*** Block opens ***
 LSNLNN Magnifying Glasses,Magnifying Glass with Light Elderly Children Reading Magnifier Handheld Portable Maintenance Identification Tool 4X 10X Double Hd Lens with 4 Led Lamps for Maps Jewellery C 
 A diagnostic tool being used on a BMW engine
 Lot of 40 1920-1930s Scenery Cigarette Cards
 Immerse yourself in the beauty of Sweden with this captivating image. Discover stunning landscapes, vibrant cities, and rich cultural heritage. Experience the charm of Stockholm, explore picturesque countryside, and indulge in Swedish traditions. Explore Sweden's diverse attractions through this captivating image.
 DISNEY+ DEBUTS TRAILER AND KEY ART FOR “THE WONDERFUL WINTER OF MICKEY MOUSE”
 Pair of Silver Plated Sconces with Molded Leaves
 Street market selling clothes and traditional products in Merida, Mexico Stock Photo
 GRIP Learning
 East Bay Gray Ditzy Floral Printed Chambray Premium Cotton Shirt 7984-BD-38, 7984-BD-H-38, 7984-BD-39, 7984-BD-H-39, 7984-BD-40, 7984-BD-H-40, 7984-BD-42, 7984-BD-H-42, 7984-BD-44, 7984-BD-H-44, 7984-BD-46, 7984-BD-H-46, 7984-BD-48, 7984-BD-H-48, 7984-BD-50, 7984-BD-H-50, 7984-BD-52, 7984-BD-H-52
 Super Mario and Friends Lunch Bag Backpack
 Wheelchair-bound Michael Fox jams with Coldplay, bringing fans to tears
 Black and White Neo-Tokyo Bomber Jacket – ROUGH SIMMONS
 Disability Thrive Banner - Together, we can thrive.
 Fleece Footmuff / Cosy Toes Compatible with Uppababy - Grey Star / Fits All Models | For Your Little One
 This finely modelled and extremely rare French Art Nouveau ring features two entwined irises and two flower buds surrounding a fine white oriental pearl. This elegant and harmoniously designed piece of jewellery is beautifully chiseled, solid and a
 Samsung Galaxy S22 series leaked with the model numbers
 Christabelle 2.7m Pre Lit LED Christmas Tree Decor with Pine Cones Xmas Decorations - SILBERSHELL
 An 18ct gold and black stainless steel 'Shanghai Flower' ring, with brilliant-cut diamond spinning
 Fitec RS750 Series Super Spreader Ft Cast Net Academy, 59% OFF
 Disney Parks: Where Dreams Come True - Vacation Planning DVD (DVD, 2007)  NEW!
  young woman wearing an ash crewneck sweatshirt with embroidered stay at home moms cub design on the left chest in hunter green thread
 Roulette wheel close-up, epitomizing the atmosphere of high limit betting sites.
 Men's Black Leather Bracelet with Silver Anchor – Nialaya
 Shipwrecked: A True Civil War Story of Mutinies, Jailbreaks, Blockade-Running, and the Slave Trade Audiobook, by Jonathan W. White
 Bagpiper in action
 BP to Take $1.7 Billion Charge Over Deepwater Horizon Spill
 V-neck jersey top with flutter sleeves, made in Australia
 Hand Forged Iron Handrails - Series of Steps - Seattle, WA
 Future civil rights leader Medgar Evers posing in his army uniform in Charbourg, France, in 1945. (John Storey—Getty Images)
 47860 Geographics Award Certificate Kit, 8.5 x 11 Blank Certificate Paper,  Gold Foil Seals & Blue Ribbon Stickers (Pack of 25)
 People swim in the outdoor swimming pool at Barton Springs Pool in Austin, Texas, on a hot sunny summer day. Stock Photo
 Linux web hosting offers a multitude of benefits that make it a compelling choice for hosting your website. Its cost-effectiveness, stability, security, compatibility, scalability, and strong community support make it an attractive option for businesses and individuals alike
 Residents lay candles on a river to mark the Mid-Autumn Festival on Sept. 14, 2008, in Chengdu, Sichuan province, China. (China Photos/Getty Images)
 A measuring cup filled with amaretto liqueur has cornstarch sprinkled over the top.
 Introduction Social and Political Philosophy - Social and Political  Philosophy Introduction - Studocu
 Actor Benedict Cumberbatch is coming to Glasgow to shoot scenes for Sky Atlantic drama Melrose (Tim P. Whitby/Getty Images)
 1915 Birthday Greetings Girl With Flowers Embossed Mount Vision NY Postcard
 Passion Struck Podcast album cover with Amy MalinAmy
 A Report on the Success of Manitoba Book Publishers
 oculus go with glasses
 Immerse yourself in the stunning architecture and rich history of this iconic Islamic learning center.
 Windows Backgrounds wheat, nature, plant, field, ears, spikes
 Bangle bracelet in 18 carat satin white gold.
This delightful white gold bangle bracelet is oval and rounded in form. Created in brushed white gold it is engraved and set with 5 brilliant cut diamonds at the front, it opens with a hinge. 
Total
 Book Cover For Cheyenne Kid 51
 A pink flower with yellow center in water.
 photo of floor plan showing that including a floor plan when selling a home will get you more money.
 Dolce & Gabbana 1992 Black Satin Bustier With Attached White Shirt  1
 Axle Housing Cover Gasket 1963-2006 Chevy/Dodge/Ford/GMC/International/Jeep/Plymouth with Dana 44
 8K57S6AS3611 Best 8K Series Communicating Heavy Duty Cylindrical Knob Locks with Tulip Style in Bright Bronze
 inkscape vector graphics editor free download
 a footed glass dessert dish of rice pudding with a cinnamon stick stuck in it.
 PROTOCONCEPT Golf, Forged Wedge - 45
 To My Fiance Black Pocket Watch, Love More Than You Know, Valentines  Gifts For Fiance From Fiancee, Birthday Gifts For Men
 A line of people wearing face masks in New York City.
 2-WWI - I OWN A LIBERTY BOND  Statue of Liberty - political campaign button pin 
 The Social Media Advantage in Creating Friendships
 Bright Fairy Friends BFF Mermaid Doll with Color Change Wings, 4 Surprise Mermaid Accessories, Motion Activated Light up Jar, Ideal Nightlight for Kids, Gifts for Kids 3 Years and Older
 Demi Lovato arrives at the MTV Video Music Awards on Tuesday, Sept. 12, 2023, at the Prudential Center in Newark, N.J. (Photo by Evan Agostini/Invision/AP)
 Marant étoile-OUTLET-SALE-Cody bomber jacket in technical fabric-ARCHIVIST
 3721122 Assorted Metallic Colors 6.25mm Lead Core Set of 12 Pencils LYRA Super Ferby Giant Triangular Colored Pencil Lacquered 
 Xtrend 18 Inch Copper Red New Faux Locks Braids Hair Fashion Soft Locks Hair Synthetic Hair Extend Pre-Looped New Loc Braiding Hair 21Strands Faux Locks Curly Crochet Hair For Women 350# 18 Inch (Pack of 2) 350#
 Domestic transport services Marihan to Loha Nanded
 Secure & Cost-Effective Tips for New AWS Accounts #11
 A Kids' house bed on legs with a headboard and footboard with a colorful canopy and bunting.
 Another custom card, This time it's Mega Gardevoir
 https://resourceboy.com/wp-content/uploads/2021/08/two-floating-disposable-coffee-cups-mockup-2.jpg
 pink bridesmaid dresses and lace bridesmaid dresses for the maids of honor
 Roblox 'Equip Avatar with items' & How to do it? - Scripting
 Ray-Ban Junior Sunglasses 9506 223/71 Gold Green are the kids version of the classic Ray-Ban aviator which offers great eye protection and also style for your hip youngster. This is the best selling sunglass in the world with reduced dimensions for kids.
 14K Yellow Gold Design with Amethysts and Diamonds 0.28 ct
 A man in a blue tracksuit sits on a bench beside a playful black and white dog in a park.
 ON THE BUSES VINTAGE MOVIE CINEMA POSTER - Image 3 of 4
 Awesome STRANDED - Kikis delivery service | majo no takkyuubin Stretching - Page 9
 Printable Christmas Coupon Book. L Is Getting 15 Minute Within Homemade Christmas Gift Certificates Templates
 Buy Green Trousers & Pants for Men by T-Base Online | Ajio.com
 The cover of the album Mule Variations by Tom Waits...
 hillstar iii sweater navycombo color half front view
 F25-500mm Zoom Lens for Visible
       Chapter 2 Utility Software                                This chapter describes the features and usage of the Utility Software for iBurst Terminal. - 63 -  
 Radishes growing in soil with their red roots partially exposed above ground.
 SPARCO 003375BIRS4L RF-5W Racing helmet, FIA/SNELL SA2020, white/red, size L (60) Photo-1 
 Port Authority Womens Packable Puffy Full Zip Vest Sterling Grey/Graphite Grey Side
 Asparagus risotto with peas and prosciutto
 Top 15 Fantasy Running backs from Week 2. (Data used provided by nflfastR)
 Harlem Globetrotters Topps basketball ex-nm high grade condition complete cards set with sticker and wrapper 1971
*** Block closes ***
Exercise requirements:
Word for word, restate the lines above from the line containing "Disability Thrive Banner" through the line containing "Linux web hosting", with both included and nothing else.

Finished task:
 Disability Thrive Banner - Together, we can thrive.
 Fleece Footmuff / Cosy Toes Compatible with Uppababy - Grey Star / Fits All Models | For Your Little One
 This finely modelled and extremely rare French Art Nouveau ring features two entwined irises and two flower buds surrounding a fine white oriental pearl. This elegant and harmoniously designed piece of jewellery is beautifully chiseled, solid and a
 Samsung Galaxy S22 series leaked with the model numbers
 Christabelle 2.7m Pre Lit LED Christmas Tree Decor with Pine Cones Xmas Decorations - SILBERSHELL
 An 18ct gold and black stainless steel 'Shanghai Flower' ring, with brilliant-cut diamond spinning
 Fitec RS750 Series Super Spreader Ft Cast Net Academy, 59% OFF
 Disney Parks: Where Dreams Come True - Vacation Planning DVD (DVD, 2007)  NEW!
  young woman wearing an ash crewneck sweatshirt with embroidered stay at home moms cub design on the left chest in hunter green thread
 Roulette wheel close-up, epitomizing the atmosphere of high limit betting sites.
 Men's Black Leather Bracelet with Silver Anchor – Nialaya
 Shipwrecked: A True Civil War Story of Mutinies, Jailbreaks, Blockade-Running, and the Slave Trade Audiobook, by Jonathan W. White
 Bagpiper in action
 BP to Take $1.7 Billion Charge Over Deepwater Horizon Spill
 V-neck jersey top with flutter sleeves, made in Australia
 Hand Forged Iron Handrails - Series of Steps - Seattle, WA
 Future civil rights leader Medgar Evers posing in his army uniform in Charbourg, France, in 1945. (John Storey—Getty Images)
 47860 Geographics Award Certificate Kit, 8.5 x 11 Blank Certificate Paper,  Gold Foil Seals & Blue Ribbon Stickers (Pack of 25)
 People swim in the outdoor swimming pool at Barton Springs Pool in Austin, Texas, on a hot sunny summer day. Stock Photo
 Linux web hosting offers a multitude of benefits that make it a compelling choice for hosting your website. Its cost-effectiveness, stability, security, compatibility, scalability, and strong community support make it an attractive option for businesses and individuals alike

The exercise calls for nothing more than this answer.